Rumi Joins the Party
You just have to look at 12-year-old Blue Ivy Carter’s domination of the stage on her mother’s Renaissance Tour to understand just how much of a super-mom Beyonce is. With Blue already a Grammy-winner due to her mom’s spotlighting of her talents with feature credits, Beyonce continues the tradition of paying tribute to her children with full songs on Cowboy Carter with the tracks “PROTECTOR” and “MY ROSE.” One half of a set of twins, six-year-old Rumi Carter finally receives her own feature credit on the former. While she doesn’t sing – yet – her voice is heard asking her mother to sing her a lullaby.

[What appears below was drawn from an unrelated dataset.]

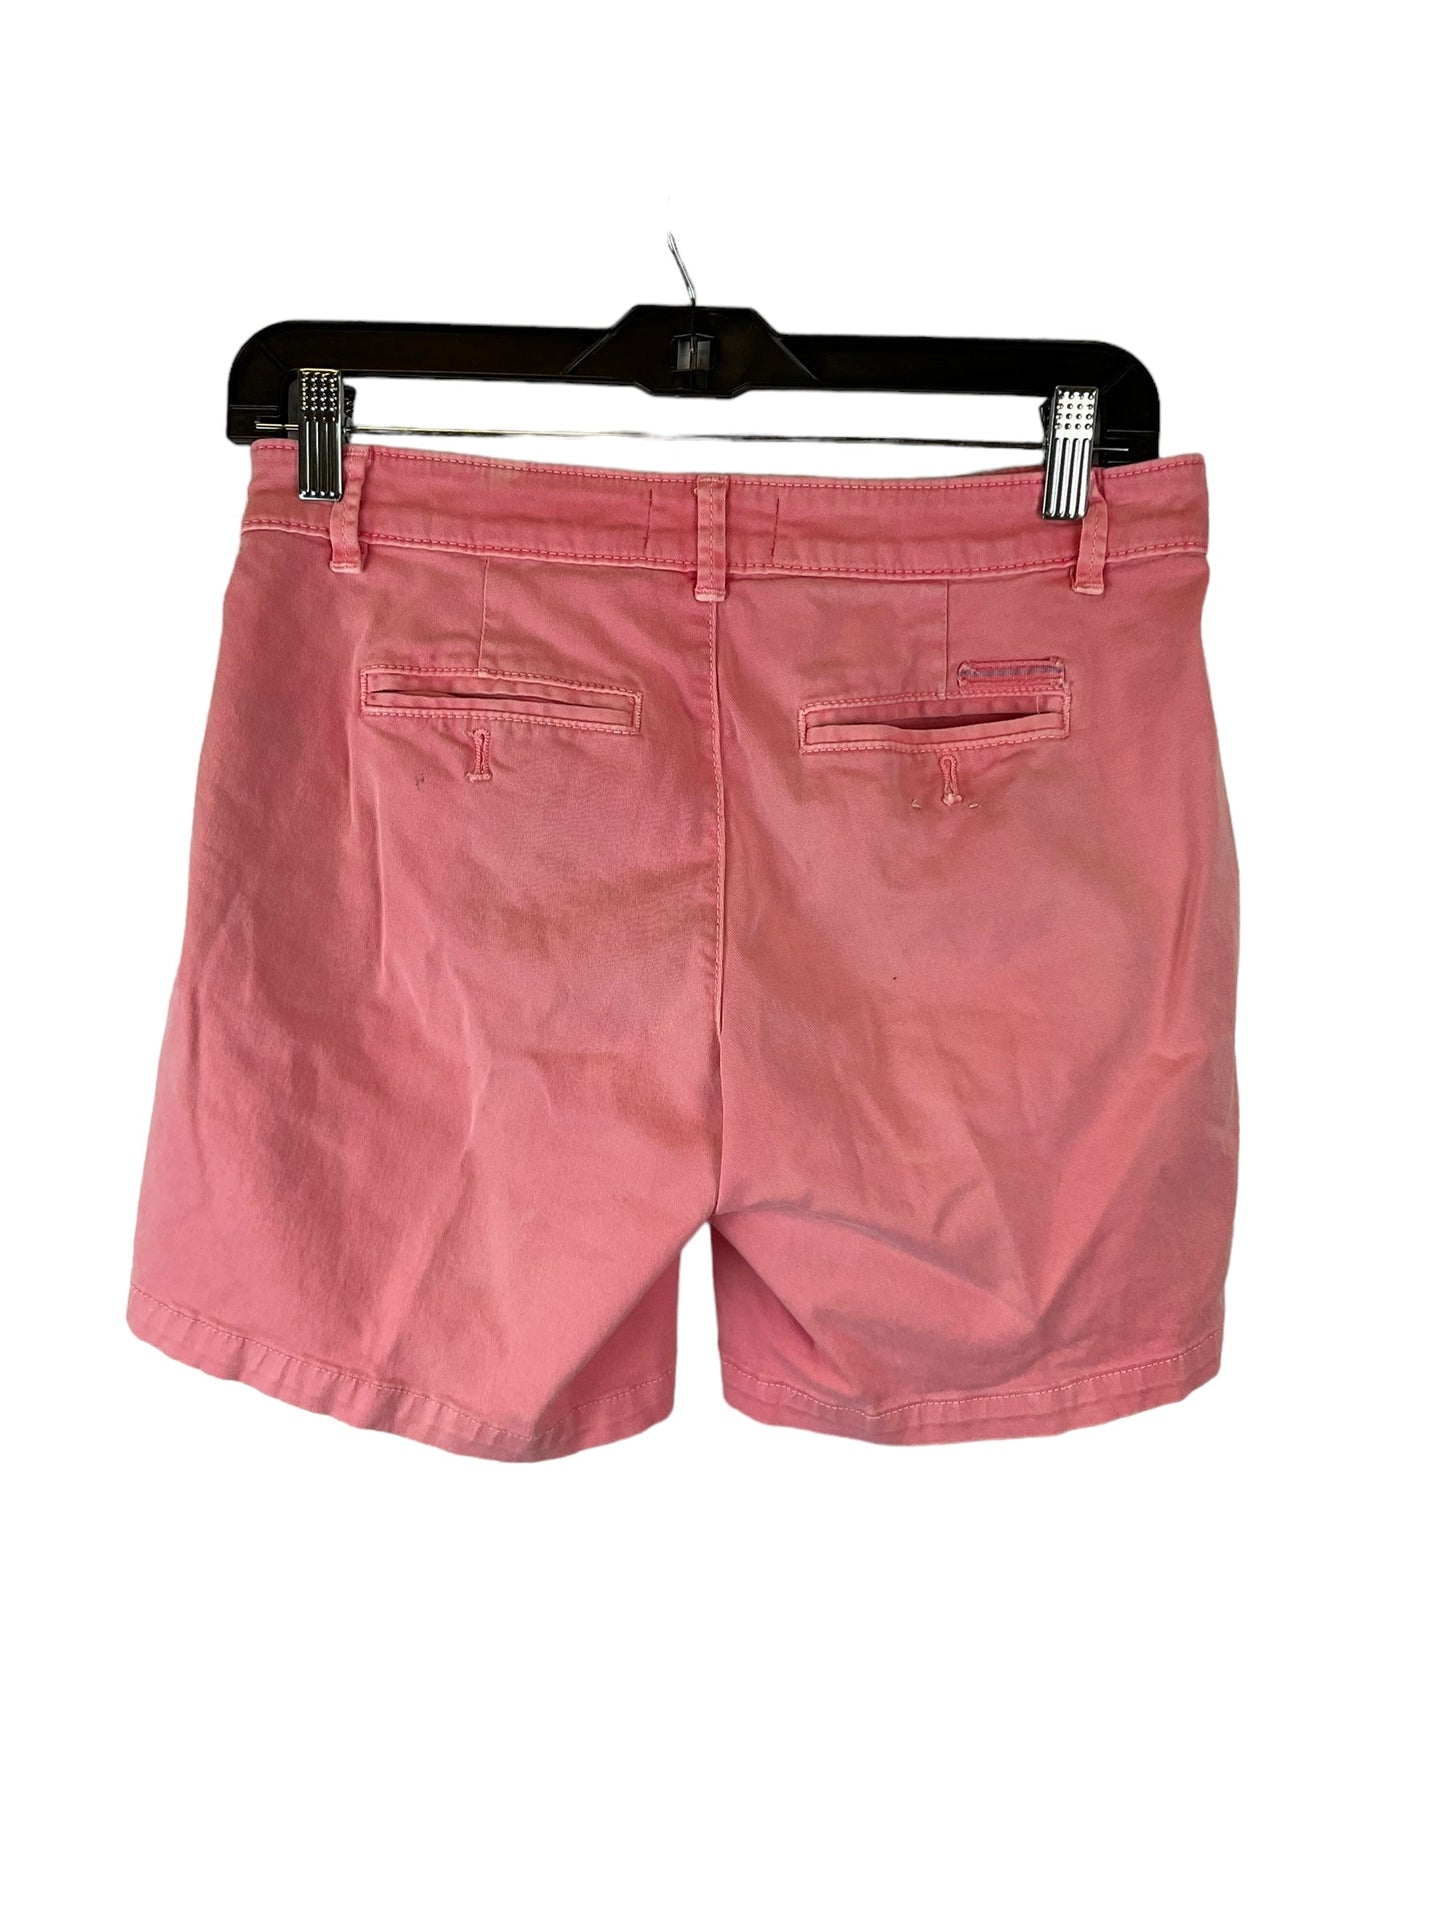 Shorts By Anthropologie  Size: 2
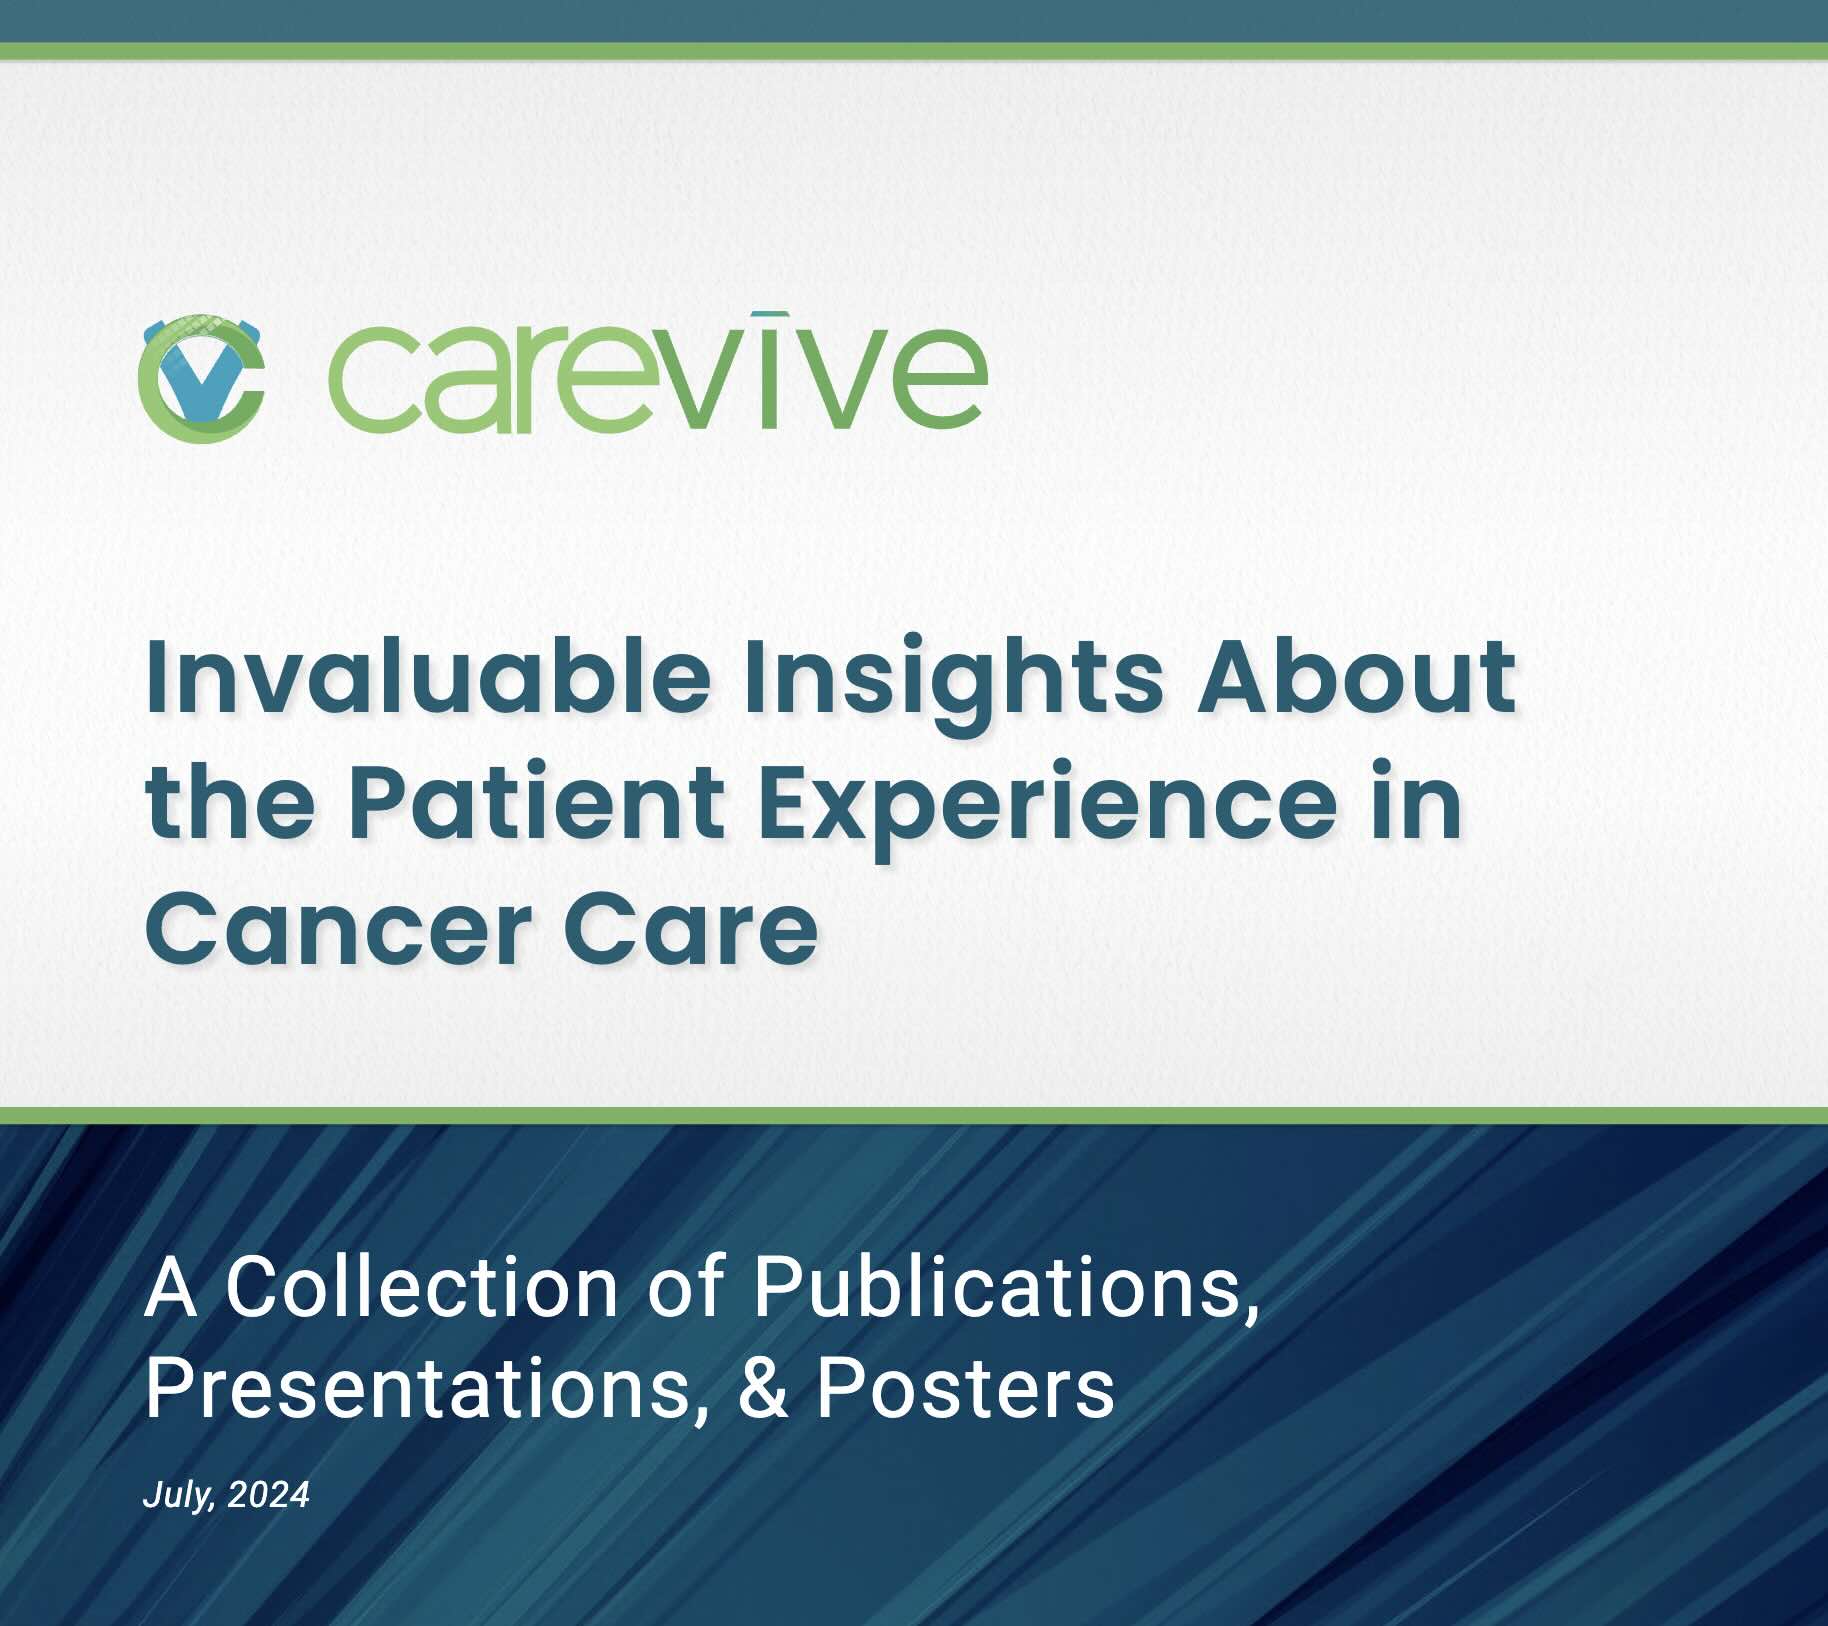 Invaluable Oncology Insights - Carevive

Who knows, maybe she’ll pick up a Grammy before she reaches her teen years as well.
Cowboys in Clovis
The track “YA YA” also sees Beyonce dropping the poignant lyric “whole lotta red in that white and blue,” something that she draws reference to best on the song “JUST FOR FUN.” Continuing to speak on the problematic history of the American West, she draws reference to “cowboys in Clovis” while singing with featured artist Willie Jones. A city in California with a historical annual rodeo that draws over 50 thousand guests per year, the city is also named for the Clovis peoples, often recognized as one of the first ever groups of Indigenous North Americans and the ancestors of many First Nations peoples today. The dichotomy of a rodeo, full of romanticized distortions of the realities of Western life, taking place on such important First Nations lands is not lost on an album that scrutinizes America’s relationship with country music.
World Stop…Carry On
Beyonce has frequently lyrically toasted her ability to halt the world in its tracks whenever she’s gearing up to make career moves, and she continued to prove that inadvertently with the release of Cowboy Carter. While the gains in people searching for the important topics, artists and histories that she nods to on the album are incredible to see, the funniest effect of one of Earth’s biggest megastars going country has to be reports of Google searches for “bolo tie,” “cowboy hat” and “cowboy boots” surging mere hours after the concept of the album was announced. If you thought the oft-reported “yeehaw era” was coming to a close anytime soon, think again.